To do: All of the data below is to be repeated exactly, except for the pictures.
╭─ The data
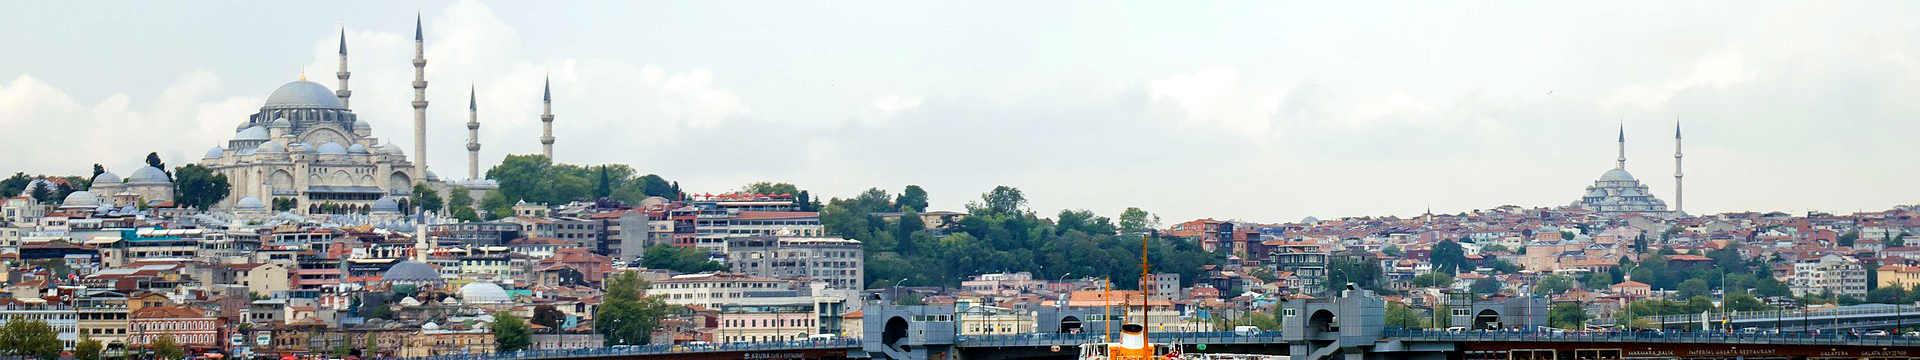 Estambul desde Asturias. Puente de diciembre
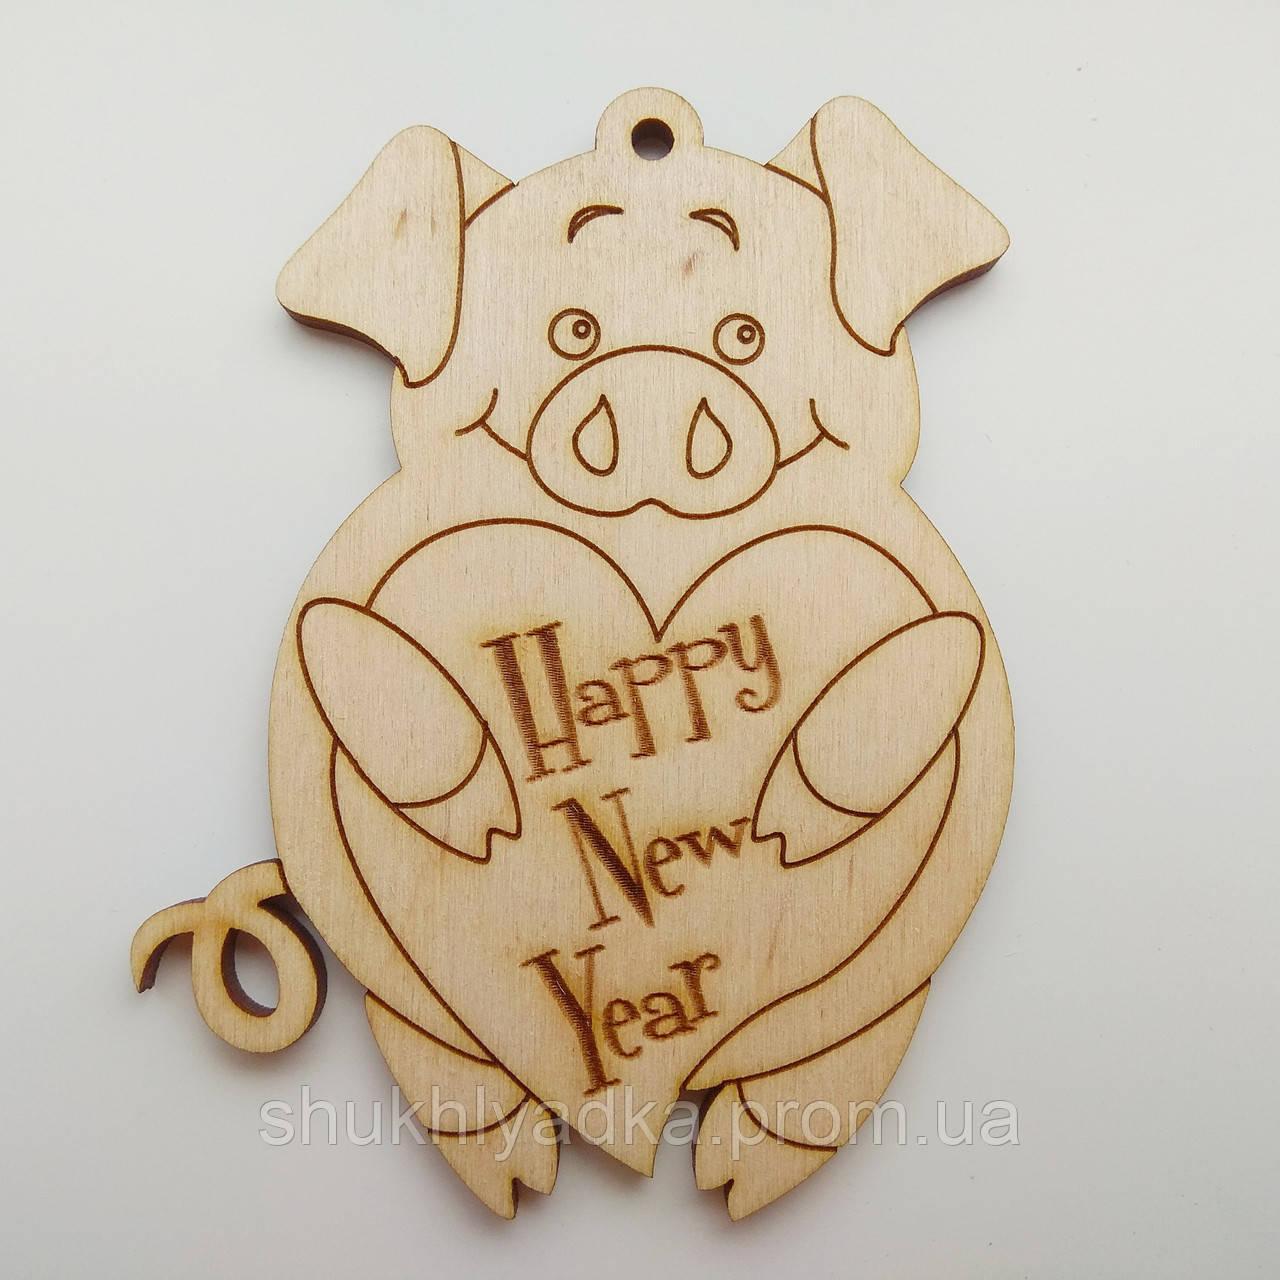 Новогодняя деревянная елочная игрушка Свинка  с сердцем_Happy NY_деревянная заготовка_Новый год
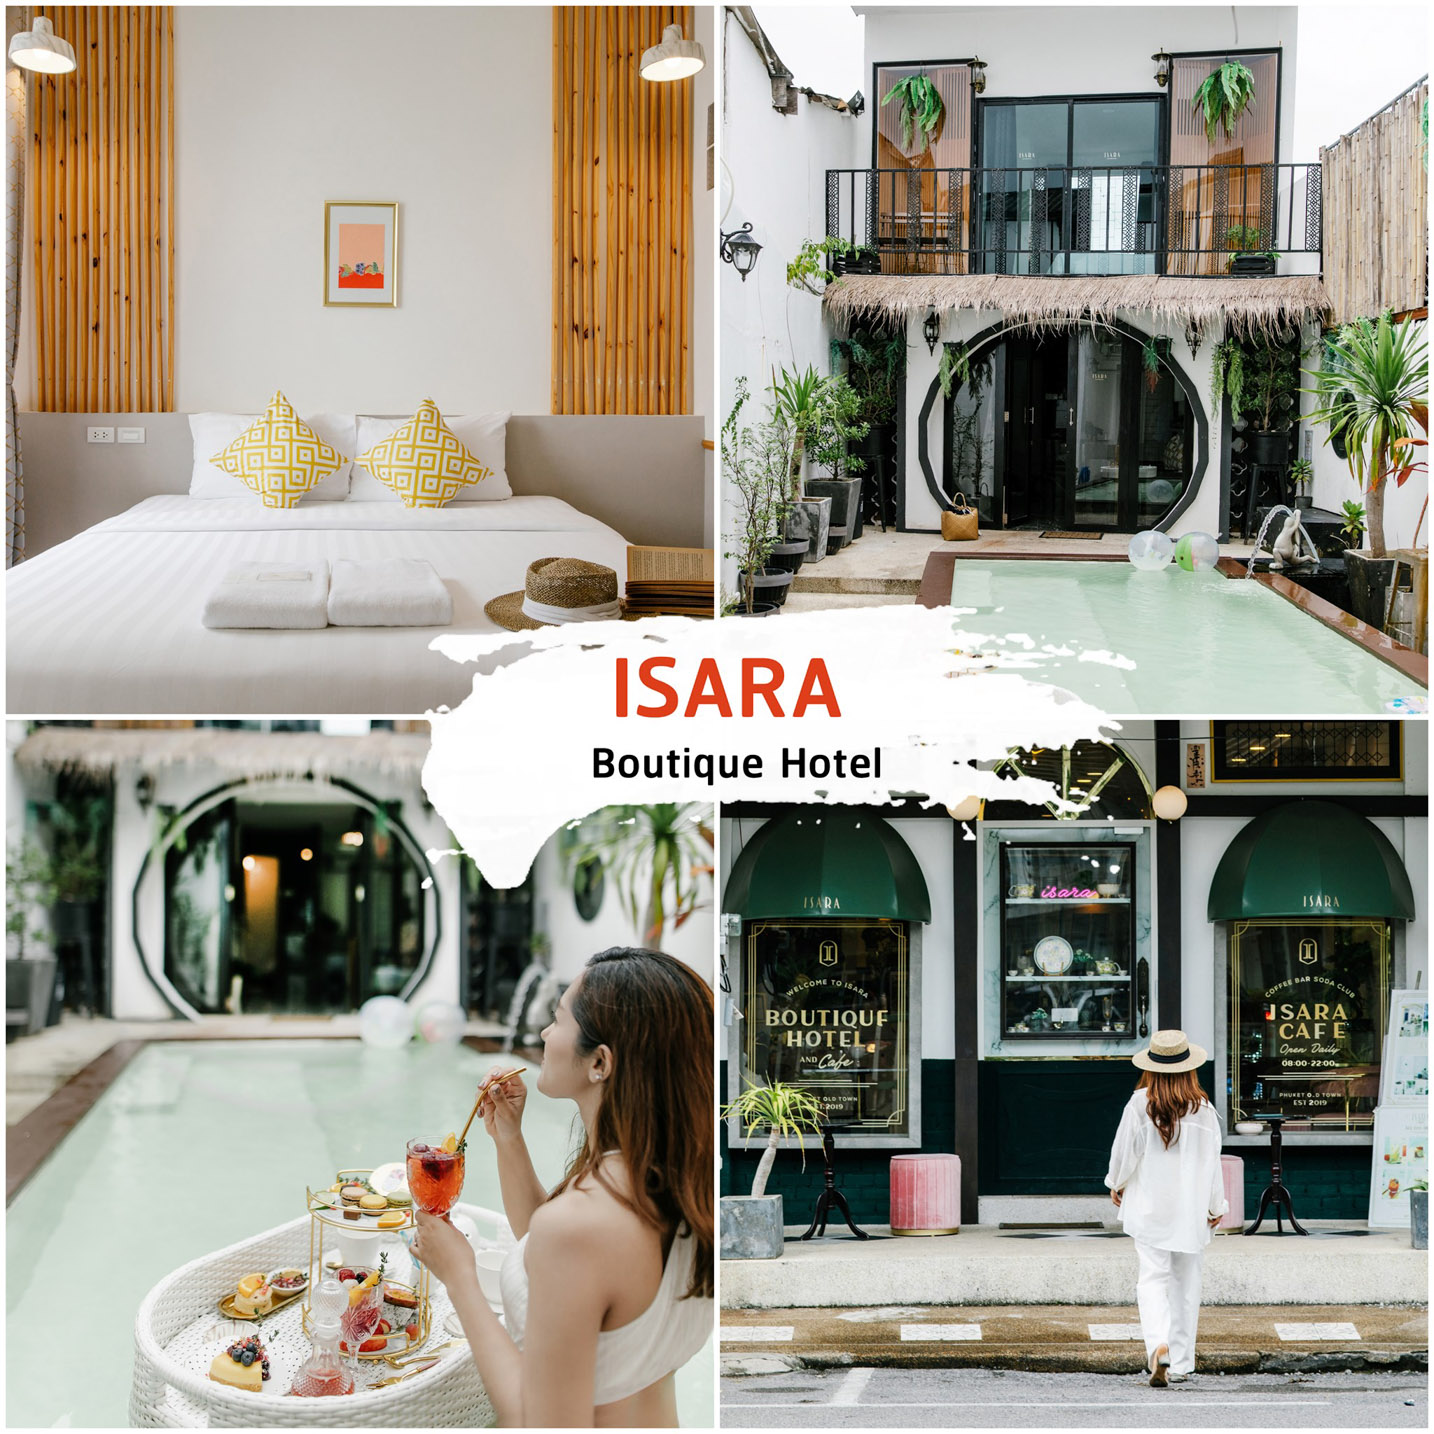 ISARA Hotel and Cafe ที่พักย่านเมืองเก่าภูเก็ต ตึกชิโนโปรตุกีส ใจกลางเมืองสุดสวย
╰─
Task response:
 Estambul desde Asturias. Puente de diciembre
 Новогодняя деревянная елочная игрушка Свинка  с сердцем_Happy NY_деревянная заготовка_Новый год
 ISARA Hotel and Cafe ที่พักย่านเมืองเก่าภูเก็ต ตึกชิโนโปรตุกีส ใจกลางเมืองสุดสวย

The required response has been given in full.